What is required: Exactly the lines below from the one with "Руководство по покупке" up to and including the one with "Start a Laser Engraving Business" make up the answer, with nothing else added.
____
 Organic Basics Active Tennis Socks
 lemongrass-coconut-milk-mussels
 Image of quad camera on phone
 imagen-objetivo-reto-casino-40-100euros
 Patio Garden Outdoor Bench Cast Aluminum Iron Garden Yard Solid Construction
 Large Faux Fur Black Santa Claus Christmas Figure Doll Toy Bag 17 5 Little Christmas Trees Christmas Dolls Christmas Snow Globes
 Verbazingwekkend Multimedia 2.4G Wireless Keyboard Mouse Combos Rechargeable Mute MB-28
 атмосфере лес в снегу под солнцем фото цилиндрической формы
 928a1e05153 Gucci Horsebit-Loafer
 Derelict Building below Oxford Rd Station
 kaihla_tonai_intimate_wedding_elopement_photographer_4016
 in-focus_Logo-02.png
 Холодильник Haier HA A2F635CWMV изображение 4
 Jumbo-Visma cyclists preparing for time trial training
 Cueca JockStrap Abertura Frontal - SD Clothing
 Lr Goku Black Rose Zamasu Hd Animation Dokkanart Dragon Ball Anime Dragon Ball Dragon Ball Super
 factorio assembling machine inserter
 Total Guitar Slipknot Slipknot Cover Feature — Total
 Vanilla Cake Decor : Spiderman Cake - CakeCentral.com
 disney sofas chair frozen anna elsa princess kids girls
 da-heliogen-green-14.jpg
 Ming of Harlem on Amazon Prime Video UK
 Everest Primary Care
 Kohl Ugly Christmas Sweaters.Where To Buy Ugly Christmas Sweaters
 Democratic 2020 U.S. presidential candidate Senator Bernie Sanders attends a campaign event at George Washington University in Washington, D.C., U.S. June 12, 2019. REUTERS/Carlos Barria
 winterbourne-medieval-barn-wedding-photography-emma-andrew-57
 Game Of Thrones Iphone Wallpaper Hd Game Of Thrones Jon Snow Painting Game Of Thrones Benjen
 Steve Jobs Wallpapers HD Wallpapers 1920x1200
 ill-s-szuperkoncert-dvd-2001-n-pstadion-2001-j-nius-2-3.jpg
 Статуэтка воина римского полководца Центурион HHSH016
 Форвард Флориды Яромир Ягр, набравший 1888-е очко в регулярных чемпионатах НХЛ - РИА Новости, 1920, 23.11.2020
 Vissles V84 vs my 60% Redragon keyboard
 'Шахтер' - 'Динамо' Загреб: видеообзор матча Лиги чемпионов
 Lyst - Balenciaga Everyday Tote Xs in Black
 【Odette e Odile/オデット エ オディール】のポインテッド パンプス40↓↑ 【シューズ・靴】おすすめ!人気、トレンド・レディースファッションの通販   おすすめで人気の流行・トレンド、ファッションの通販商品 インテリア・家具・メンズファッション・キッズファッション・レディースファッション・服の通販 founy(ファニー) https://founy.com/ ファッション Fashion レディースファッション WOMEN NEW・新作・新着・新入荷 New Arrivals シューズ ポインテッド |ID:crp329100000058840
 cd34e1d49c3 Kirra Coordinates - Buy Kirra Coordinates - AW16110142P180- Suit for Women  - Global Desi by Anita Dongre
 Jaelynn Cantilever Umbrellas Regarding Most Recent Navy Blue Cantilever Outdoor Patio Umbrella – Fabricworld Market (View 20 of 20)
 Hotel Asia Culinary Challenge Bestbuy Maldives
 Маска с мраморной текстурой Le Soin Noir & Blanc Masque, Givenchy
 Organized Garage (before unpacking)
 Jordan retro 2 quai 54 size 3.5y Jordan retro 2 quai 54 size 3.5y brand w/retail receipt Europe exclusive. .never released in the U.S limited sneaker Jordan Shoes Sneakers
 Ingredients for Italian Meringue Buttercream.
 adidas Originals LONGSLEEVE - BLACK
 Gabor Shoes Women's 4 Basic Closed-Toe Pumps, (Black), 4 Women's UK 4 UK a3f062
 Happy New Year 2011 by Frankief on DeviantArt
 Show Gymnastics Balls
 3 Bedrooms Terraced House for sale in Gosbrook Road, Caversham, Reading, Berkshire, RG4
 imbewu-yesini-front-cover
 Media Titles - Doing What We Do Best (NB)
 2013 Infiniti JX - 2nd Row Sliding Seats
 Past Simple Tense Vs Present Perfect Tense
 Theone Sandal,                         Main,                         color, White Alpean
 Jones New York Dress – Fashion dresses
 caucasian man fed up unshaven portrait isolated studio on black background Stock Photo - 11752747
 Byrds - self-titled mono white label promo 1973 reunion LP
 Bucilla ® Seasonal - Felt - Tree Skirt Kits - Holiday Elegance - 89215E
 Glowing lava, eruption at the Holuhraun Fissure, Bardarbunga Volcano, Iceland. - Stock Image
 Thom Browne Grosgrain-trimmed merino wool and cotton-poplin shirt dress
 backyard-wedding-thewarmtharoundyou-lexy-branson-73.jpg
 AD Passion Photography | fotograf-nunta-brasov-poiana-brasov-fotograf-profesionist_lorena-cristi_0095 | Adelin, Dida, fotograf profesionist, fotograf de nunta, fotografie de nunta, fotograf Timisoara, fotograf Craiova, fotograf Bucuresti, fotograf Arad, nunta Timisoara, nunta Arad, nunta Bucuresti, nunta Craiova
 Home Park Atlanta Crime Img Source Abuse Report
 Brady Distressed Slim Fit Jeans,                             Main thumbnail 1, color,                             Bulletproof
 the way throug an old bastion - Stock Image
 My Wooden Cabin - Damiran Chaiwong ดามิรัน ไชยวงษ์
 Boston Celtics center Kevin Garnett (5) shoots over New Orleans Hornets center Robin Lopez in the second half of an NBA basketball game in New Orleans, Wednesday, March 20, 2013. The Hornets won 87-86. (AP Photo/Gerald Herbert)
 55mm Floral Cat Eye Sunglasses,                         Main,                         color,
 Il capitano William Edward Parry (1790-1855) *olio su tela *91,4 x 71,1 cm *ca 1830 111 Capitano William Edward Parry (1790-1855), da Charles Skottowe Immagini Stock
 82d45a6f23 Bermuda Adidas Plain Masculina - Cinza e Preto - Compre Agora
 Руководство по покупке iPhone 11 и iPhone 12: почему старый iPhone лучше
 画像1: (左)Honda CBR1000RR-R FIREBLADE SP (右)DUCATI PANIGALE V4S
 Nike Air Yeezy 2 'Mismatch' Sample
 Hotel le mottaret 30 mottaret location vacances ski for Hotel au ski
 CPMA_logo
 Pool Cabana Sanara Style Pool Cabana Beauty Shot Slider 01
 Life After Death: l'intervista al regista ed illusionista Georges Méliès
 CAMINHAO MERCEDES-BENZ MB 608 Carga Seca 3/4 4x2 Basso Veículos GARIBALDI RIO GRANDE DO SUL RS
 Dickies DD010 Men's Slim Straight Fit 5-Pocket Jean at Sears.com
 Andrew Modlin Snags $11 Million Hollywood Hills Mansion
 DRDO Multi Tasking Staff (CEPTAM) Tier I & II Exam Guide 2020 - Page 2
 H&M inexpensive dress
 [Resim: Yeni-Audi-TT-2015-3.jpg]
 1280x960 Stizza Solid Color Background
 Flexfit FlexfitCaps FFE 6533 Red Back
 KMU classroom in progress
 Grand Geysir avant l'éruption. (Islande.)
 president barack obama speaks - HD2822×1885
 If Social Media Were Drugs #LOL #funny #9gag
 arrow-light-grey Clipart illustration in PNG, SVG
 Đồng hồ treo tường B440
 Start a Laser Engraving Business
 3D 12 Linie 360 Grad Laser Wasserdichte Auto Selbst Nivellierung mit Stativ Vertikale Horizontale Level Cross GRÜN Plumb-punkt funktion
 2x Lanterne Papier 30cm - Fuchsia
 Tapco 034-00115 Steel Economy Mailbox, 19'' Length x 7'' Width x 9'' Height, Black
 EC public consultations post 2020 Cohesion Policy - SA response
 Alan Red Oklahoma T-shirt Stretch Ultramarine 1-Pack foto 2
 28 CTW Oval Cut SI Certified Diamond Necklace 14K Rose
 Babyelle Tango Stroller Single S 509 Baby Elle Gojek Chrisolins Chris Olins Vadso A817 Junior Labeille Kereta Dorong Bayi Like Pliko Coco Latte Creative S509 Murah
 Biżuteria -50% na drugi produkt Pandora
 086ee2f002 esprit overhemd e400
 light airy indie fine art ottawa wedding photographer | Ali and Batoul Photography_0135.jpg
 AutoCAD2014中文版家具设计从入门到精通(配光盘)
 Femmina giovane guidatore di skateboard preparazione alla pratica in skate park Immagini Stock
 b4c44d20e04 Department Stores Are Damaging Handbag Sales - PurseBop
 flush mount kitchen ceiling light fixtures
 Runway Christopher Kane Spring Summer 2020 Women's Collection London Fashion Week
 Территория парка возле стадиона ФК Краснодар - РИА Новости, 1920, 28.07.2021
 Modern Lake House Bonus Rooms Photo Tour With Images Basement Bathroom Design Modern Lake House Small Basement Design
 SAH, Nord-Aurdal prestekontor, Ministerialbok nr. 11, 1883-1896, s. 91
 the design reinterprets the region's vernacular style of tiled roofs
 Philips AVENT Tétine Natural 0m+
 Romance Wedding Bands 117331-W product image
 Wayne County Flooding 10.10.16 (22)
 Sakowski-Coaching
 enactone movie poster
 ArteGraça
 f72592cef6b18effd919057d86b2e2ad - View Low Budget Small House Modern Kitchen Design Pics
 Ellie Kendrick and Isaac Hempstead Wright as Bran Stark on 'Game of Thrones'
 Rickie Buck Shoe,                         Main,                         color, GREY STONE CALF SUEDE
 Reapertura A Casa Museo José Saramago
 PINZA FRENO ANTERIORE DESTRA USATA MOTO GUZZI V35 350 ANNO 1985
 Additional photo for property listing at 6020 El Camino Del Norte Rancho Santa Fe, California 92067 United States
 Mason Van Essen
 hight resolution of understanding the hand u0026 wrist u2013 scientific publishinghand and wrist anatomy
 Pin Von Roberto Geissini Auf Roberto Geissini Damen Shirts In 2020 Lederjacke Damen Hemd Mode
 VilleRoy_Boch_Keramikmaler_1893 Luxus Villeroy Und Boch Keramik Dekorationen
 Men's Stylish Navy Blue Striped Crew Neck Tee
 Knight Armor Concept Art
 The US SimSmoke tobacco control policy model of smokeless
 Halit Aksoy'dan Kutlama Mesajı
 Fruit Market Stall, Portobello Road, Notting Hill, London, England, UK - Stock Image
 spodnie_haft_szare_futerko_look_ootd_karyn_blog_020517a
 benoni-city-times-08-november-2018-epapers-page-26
____
Answer for this exercise:
 Руководство по покупке iPhone 11 и iPhone 12: почему старый iPhone лучше
 画像1: (左)Honda CBR1000RR-R FIREBLADE SP (右)DUCATI PANIGALE V4S
 Nike Air Yeezy 2 'Mismatch' Sample
 Hotel le mottaret 30 mottaret location vacances ski for Hotel au ski
 CPMA_logo
 Pool Cabana Sanara Style Pool Cabana Beauty Shot Slider 01
 Life After Death: l'intervista al regista ed illusionista Georges Méliès
 CAMINHAO MERCEDES-BENZ MB 608 Carga Seca 3/4 4x2 Basso Veículos GARIBALDI RIO GRANDE DO SUL RS
 Dickies DD010 Men's Slim Straight Fit 5-Pocket Jean at Sears.com
 Andrew Modlin Snags $11 Million Hollywood Hills Mansion
 DRDO Multi Tasking Staff (CEPTAM) Tier I & II Exam Guide 2020 - Page 2
 H&M inexpensive dress
 [Resim: Yeni-Audi-TT-2015-3.jpg]
 1280x960 Stizza Solid Color Background
 Flexfit FlexfitCaps FFE 6533 Red Back
 KMU classroom in progress
 Grand Geysir avant l'éruption. (Islande.)
 president barack obama speaks - HD2822×1885
 If Social Media Were Drugs #LOL #funny #9gag
 arrow-light-grey Clipart illustration in PNG, SVG
 Đồng hồ treo tường B440
 Start a Laser Engraving Business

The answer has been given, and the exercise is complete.